К моменту, когда пароход причалил, я снова была на палубе, и, хотя пристально смотрела вниз, на набережную, лица людей были неразличимы, таким высоким было судно. В конце концов был выгружен багаж, и нам разрешили сойти с судна, но, оказавшись на берегу, пассажиры попали в сети таможенной проверки. Пришлось отыскать наш багаж, открыть чемоданы и представить их содержимое для досмотра. Нужно было проштемпелевать какие-то бумаги. И ответить на вопросы. Я почувствовала себя совсем больной и принялась кусать ногти. Элан поскучнел и стал проситься на горшок.
— Тебе придется подождать, мой милый, — ласково проговорила Мэри.
— Не хочу ждать!
«Настоящий ад, — решила я, — быть запертым в таможенном зале иностранного порта с трехлетним ребенком, которому понадобилось в туалет».
Была просмотрена наша последняя сумка.
— Вам помочь, мэм? — предложил громадный верзила, в котором я, поколебавшись, признала носильщика.

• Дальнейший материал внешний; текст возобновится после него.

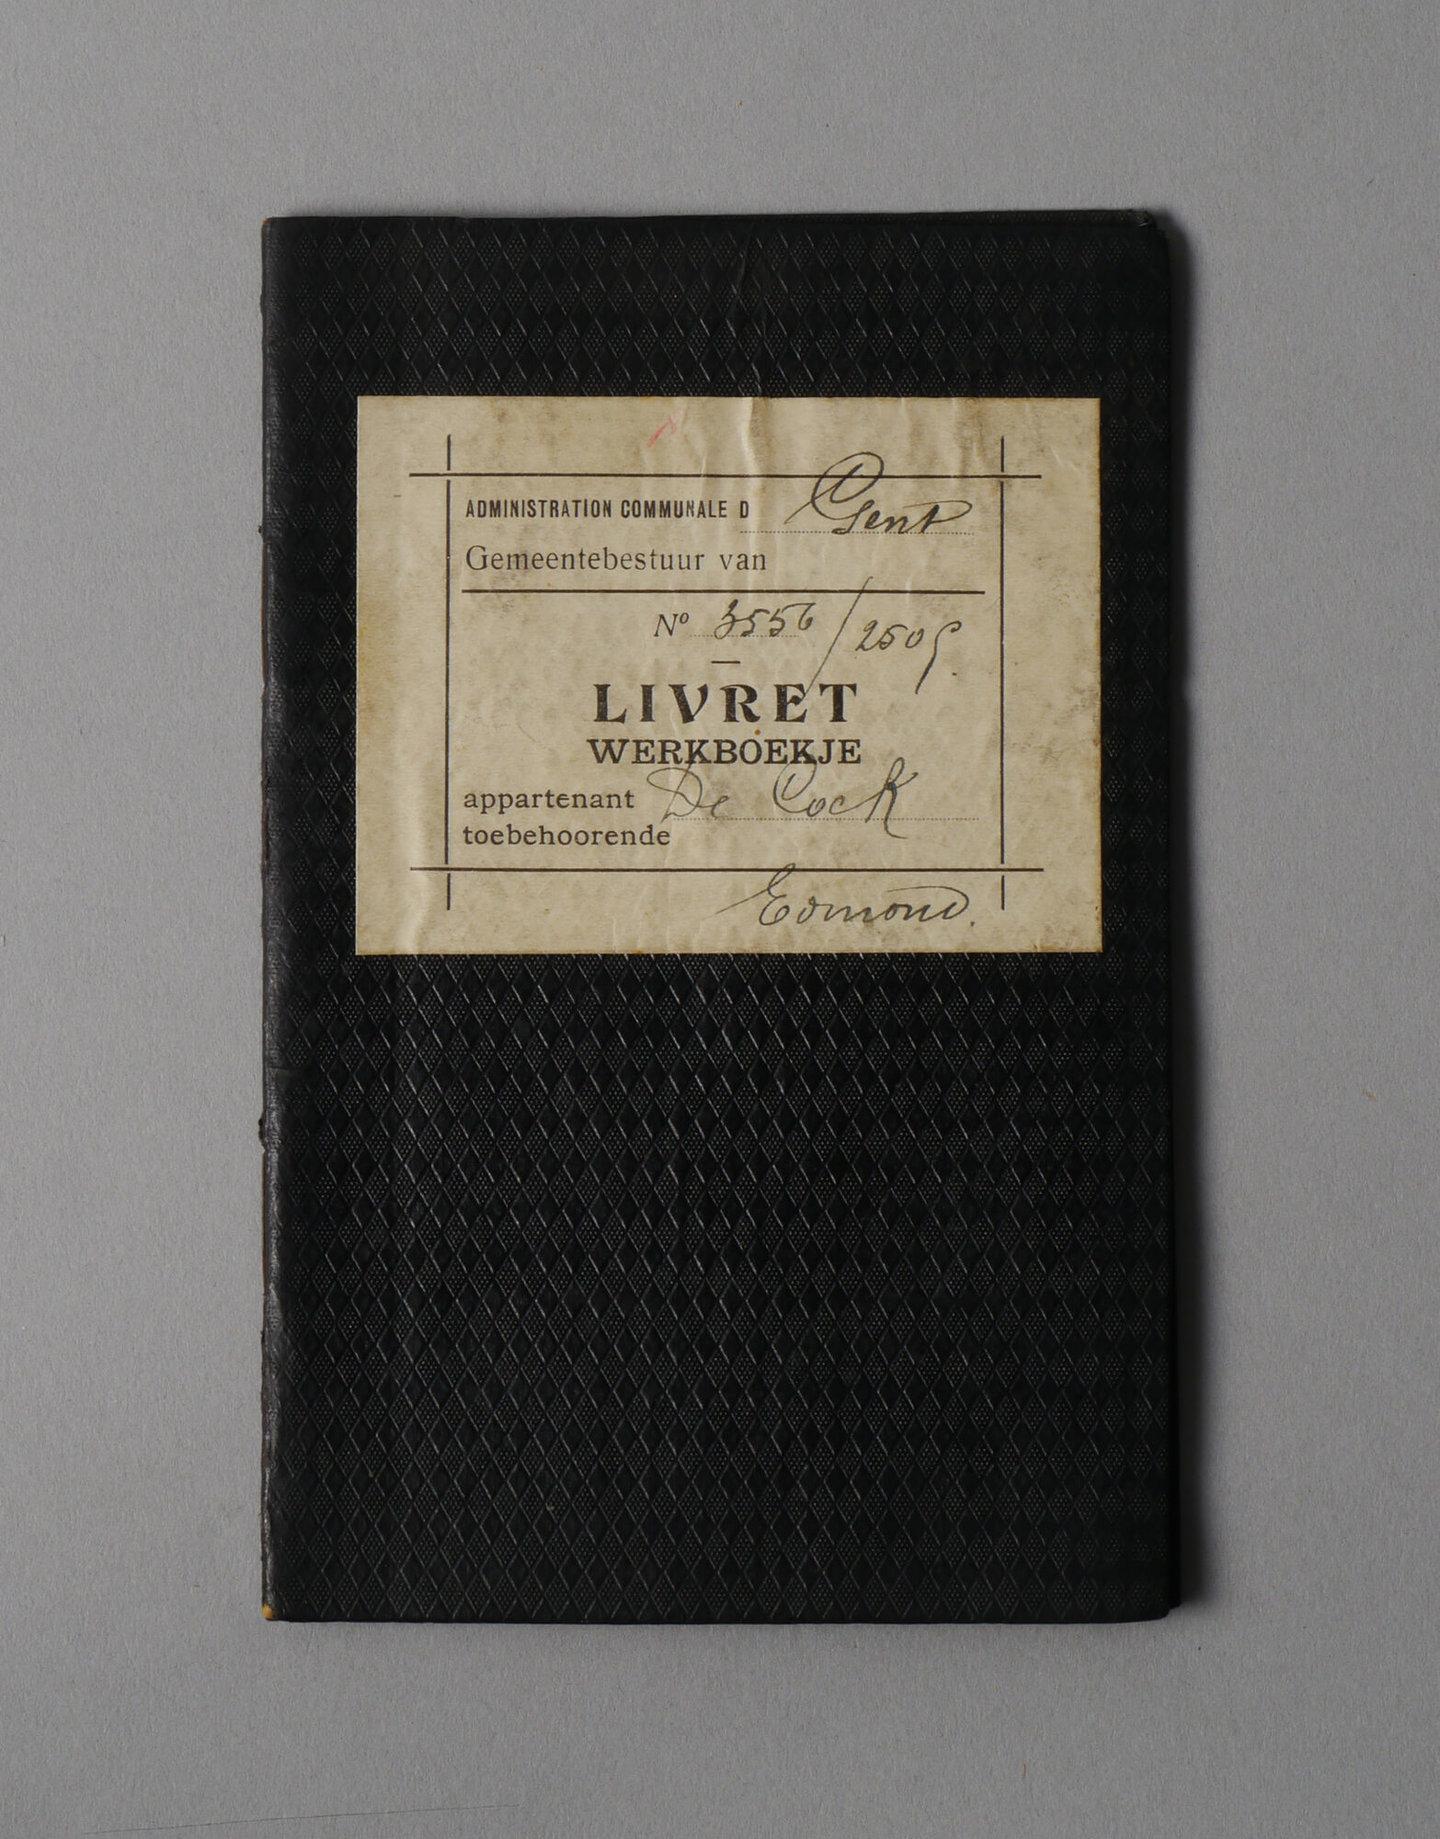 Werkboekje van Edmond De Cock

— О, пожалуйста, да, прошу вас, — запинаясь ответила я, и мы все отправились к маячившему далеко впереди барьеру, за которым ожидала пассажиров толпа встречавших.
Я напрягла глаза, надеясь обнаружить Пола, но нигде не было никаких признаков его присутствия. Свинья! После всего он даже не пожелал меня встретить. О, как он смеет так со мной обращаться, как он смеет…

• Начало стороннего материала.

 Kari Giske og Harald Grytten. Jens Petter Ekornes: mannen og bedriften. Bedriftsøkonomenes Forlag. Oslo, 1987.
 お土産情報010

— Куда вам нужно ехать, мэм?
Я не имела ни малейшего понятия о том, где мне следовало ждать. Несмотря на холодную погоду, по мне струился пот, и я была уверена, что от моего макияжа уже ничего не осталось. В чулке у меня была дыра. Вокруг нас кишела толпа. Стоял ужасный шум.
— Соберитесь же с мыслями, леди!
Едва прозвучали его слова, как мое внимание отвлеклось. Кто-то крикнул: «Дорогу!» — а кто-то другой рядом приказал: «Сюда, пожалуйста!» — и вручил моему угрюмому носильщику пятидолларовую бумажку. Тот был почти в обморочном состоянии и еле держался на ногах и лишь чуть встрепенулся, услышав короткое приказание:
— Отнеси багаж на улицу, к «роллс-ройсу».
— Да, сэр.
Я посмотрела на отдававшего приказания иностранца. Лицо его было мне незнакомо, но взглянув за его спину, я увидела телохранителя Пола.

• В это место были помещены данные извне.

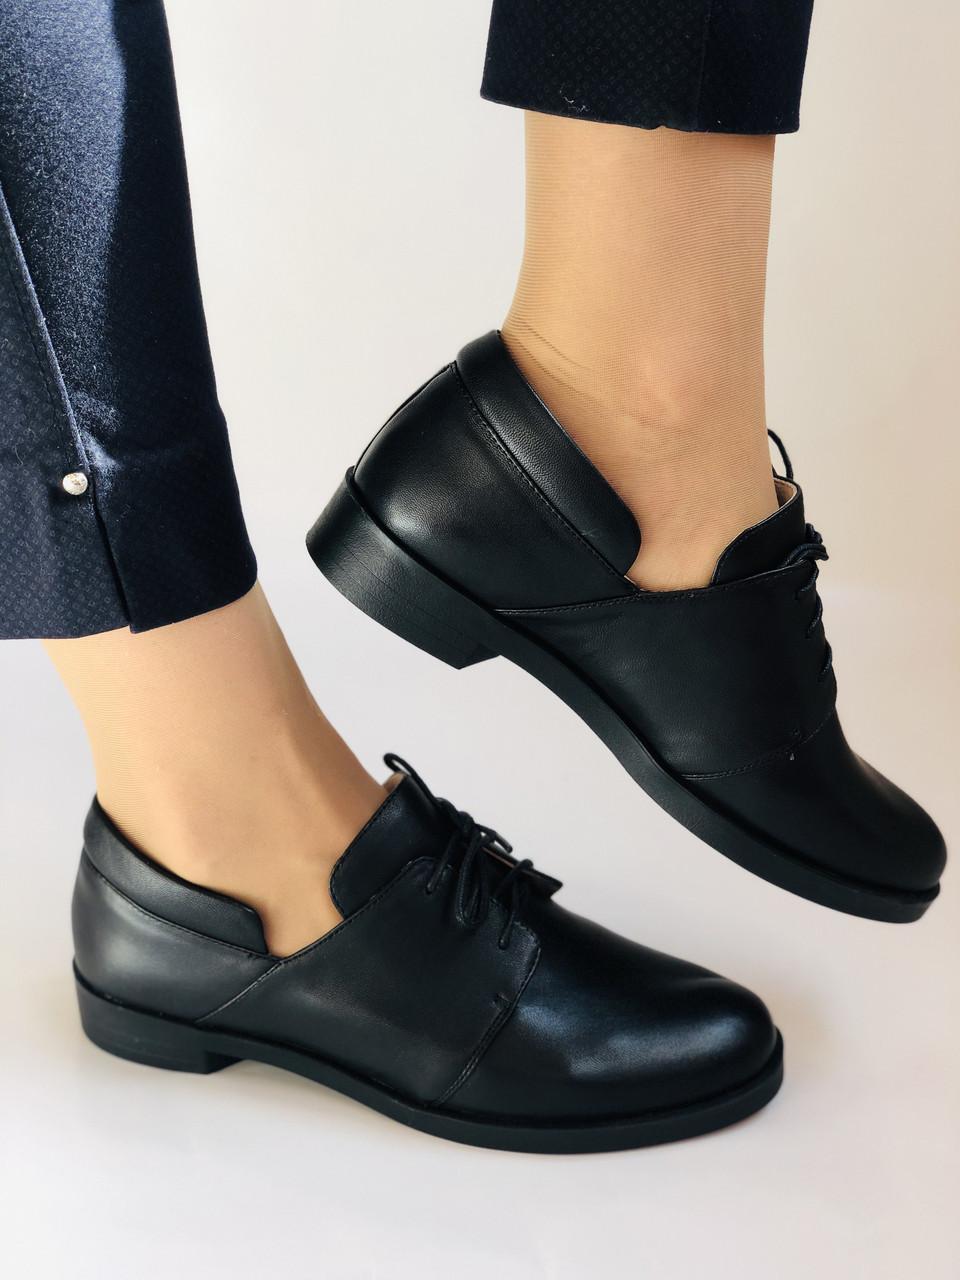 Стильные женские туфли. Оксфорды. Натуральная кожа . Низкий каблук. Molka Р . 35,36,38 39, 40

— Питерсон! — воскликнула я, но, когда рванулась к нему, он сделал шаг в сторону, и внезапно, словно по волшебству, я оказалась лицом к лицу с моим желанным мужчиной — мужчиной, которого я решила получить, несмотря на любые препятствия, которые могли бы встать на моем пути.
Глава вторая
Он выглядел сильно постаревшим. Я была потрясена его видом. В пятьдесят два года, когда он впервые встретился со мной, ему нельзя было дать больше сорока, теперь же, всего через четыре года, он выглядел шестидесятилетним. Его седеющие каштановые волосы были реже, чем раньше, лицо казалось более худым, а глубокие морщины около глаз и вокруг рта придавали ему вид изможденного человека, как если бы он долгое время не мог отделаться от невыносимо тяжкого груза.
Пол улыбнулся. Его глаза из-за светлого цвета кожи казались более темными, чем были на самом деле, и, когда он улыбался, загорались, словно питаемые каким-то таинственным источником электрического тока. Подвижные черты его лица, достаточно выразительные, чтобы отражать с десяток всевозможных изменений настроения, словно повторяли эту вспышку электрического возбуждения, придавая его ослепительной улыбке гипнотическую силу.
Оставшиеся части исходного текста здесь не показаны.